Il Ministro della sanita', avvalendosi dell'Agenzia per i servizi sanitari regionali, promuove forme di collaborazione e linee guida comuni in funzione dell'applicazione coordinata del Piano sanitario nazionale e della normativa di settore, salva l'autonoma determinazione regionale in ordine al loro recepimento.
La mancanza del Piano sanitario regionale non comporta l'inapplicabilita' delle disposizioni del Piano sanitario nazionale.

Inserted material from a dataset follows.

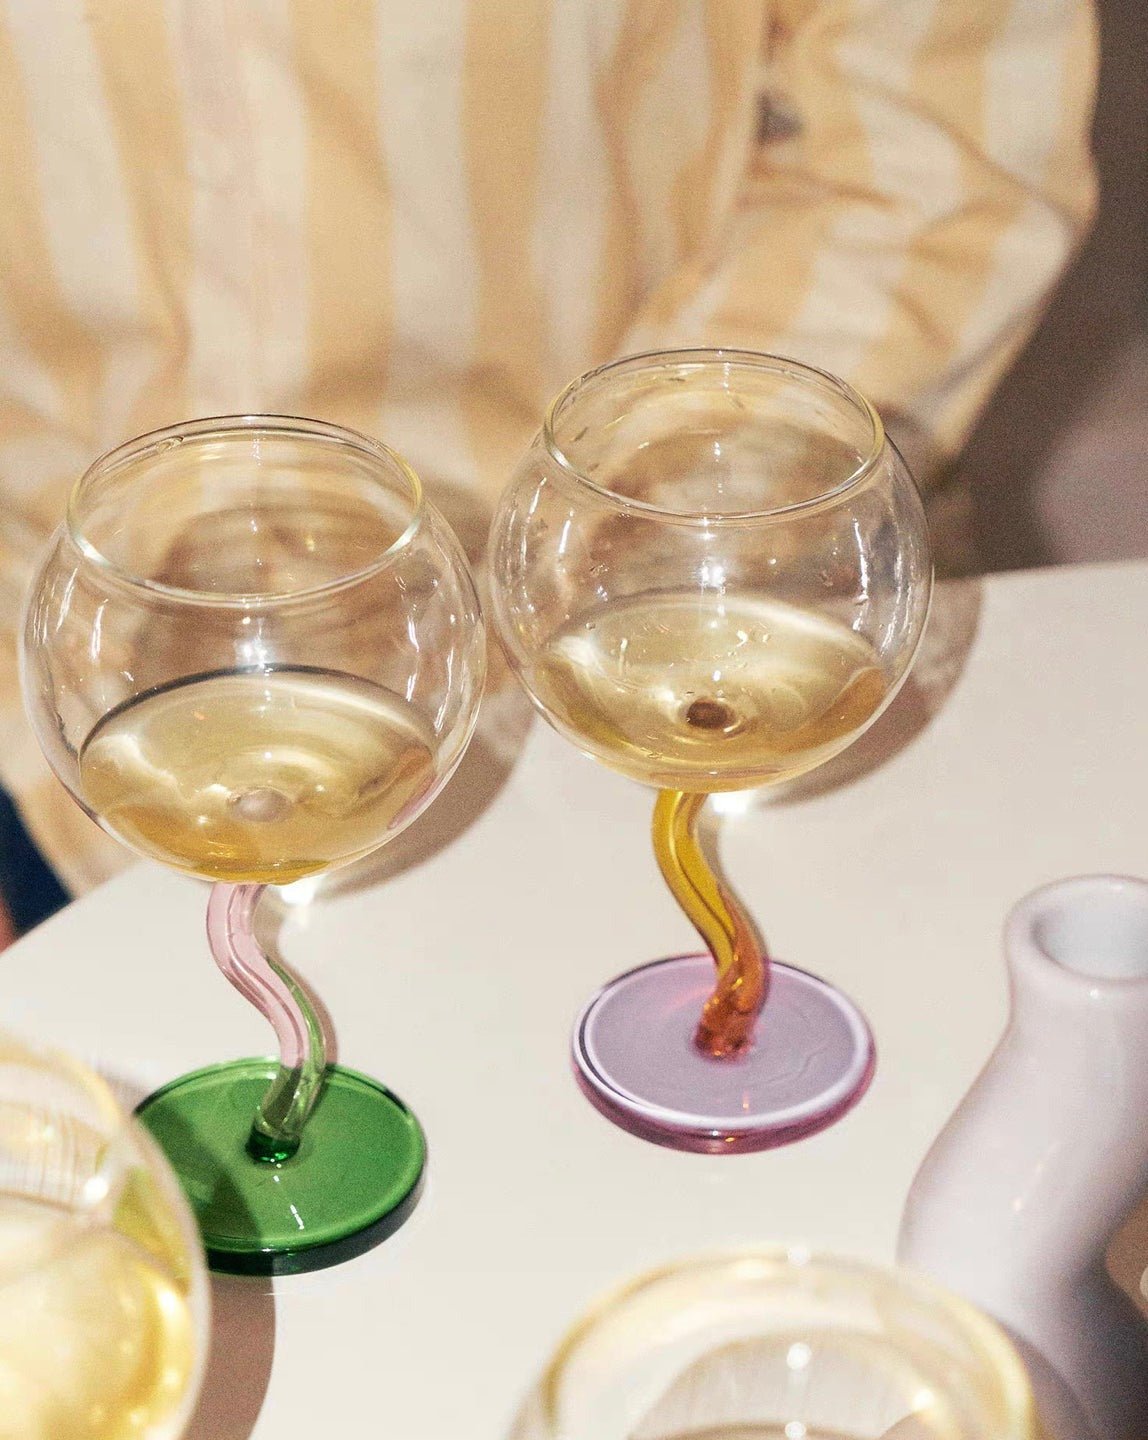 Wine Glasses With Weirdly Wobbling Stems

Trascorso un anno dalla data di entrata in vigore del Piano sanitario nazionale senza che la regione abbia adottato il Piano sanitario regionale, alla regione non e' consentito l'accreditamento di nuove strutture. Il Ministro della sanita', sentita la regione interessata, fissa un termine non inferiore a tre mesi per provvedervi. Decorso inutilmente tale termine, il Consiglio dei ministri, su proposta del Ministro della sanita', sentita l'Agenzia per i servizi sanitari regionali, d'intesa con la Conferenza permanente per i rapporti tra lo Stato, le regioni e le province autonome, adotta gli atti necessari per dare attuazione nella regione al Piano sanitario nazionale, anche mediante la nomina di commissari ad acta.

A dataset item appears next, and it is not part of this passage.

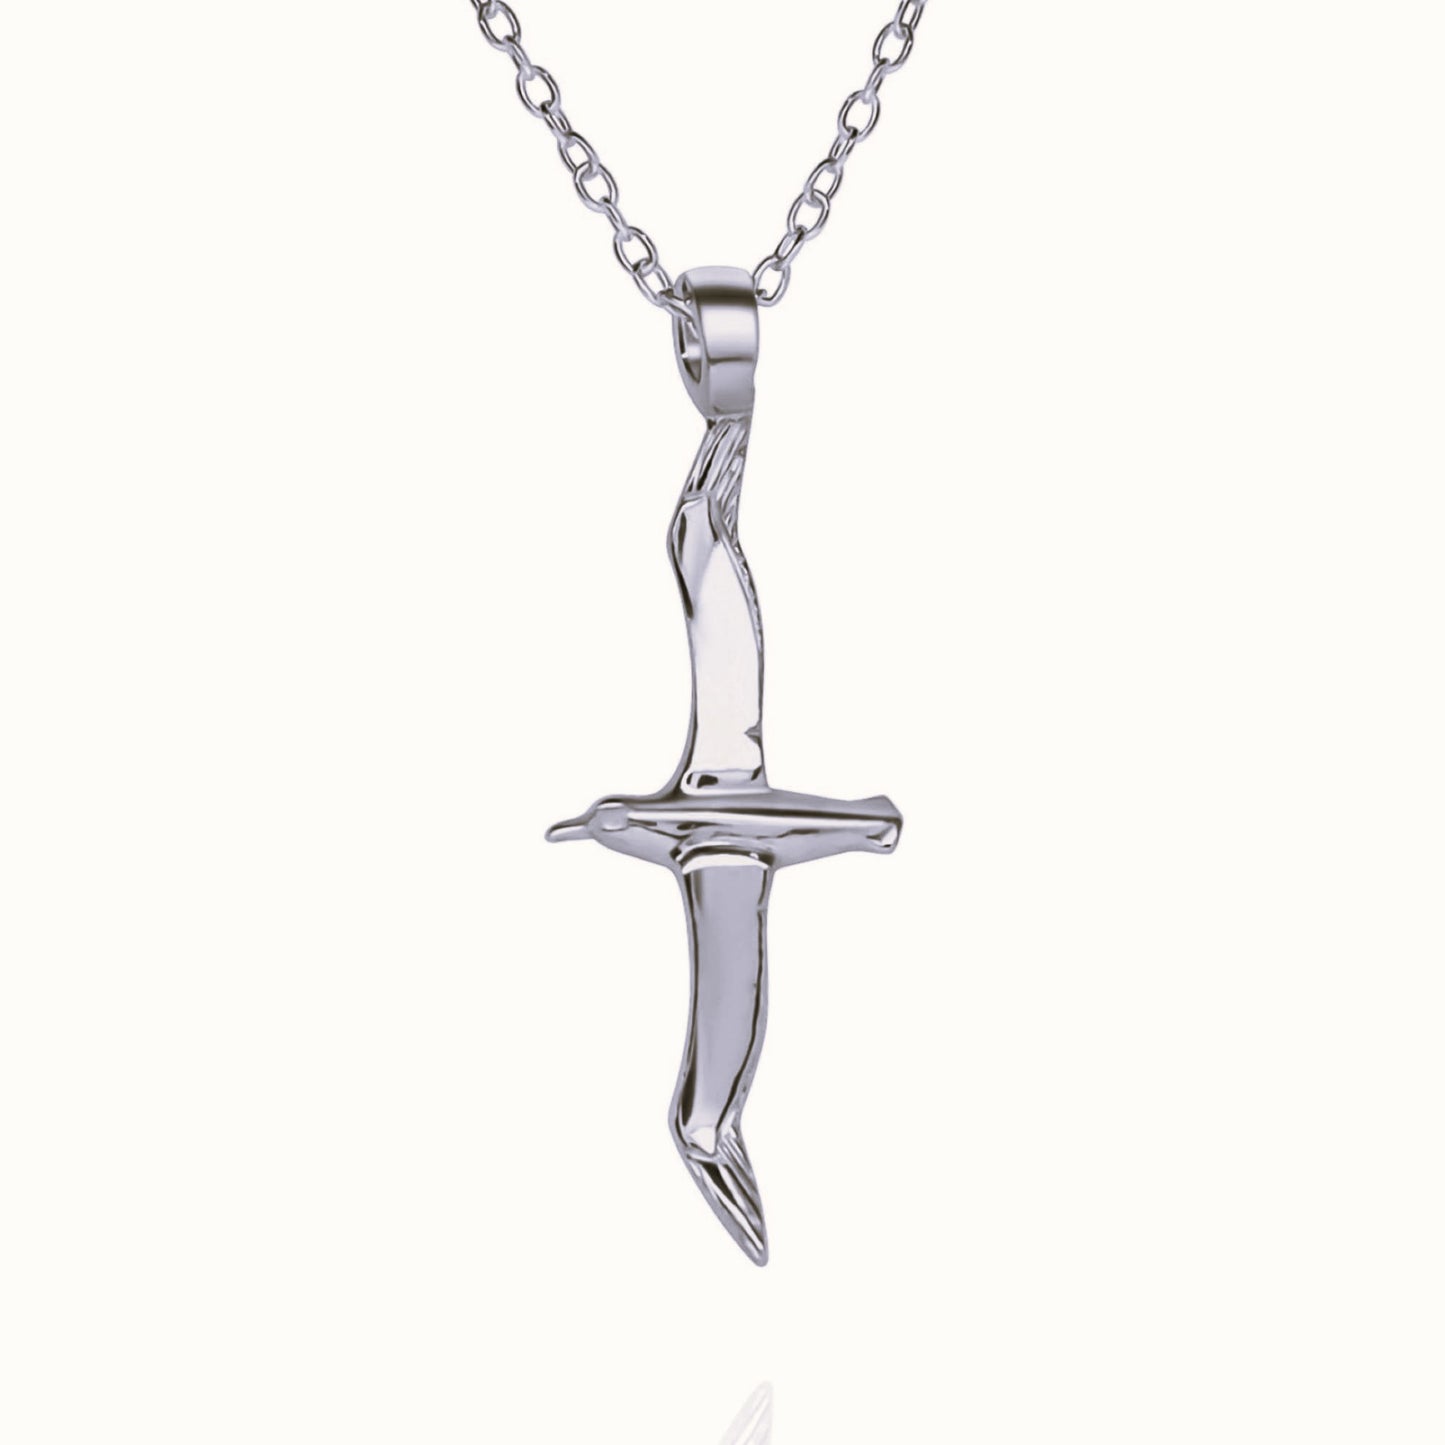 Platinum Albatross charm with a solid platinum chain. Made to order. © Adrian Ashley

Le istituzioni e gli organismi a scopo non lucrativo concorrono, con le istituzioni pubbliche e quelle equiparate di cui all'articolo 4, comma 12, alla realizzazione dei doveri costituzionali di solidarieta', dando attuazione al pluralismo etico- culturale dei servizi alla persona. Esclusivamente ai fini del presente decreto sono da considerarsi a scopo non lucrativo le istituzioni che svolgono attivita' nel settore dell'assistenza sanitaria e socio-sanitaria, qualora ottemperino a quanto previsto dalle disposizioni di cui all'articolo 10, comma 1, lettere d), e), f) g), e h), e comma 6 del decreto legislativo 4 dicembre 1997, n. 460; resta fermo quanto disposto dall'articolo 10, comma 7, del medesimo decreto. L'attribuzione della predetta qualifica non comporta il godimento dei benefici fiscali previsti in favore delle organizzazioni non lucrative di utilita' sociale dal decreto legislativo 4 dicembre 1997, n. 460. Le attivita' e le funzioni assistenziali delle strutture equiparate di cui al citato articolo 4, comma 12, con oneri a carico del Servizio sanitario nazionale, sono esercitate esclusivamente nei limiti di quanto stabilito negli specifici accordi di cui all'articolo 8-quinquies.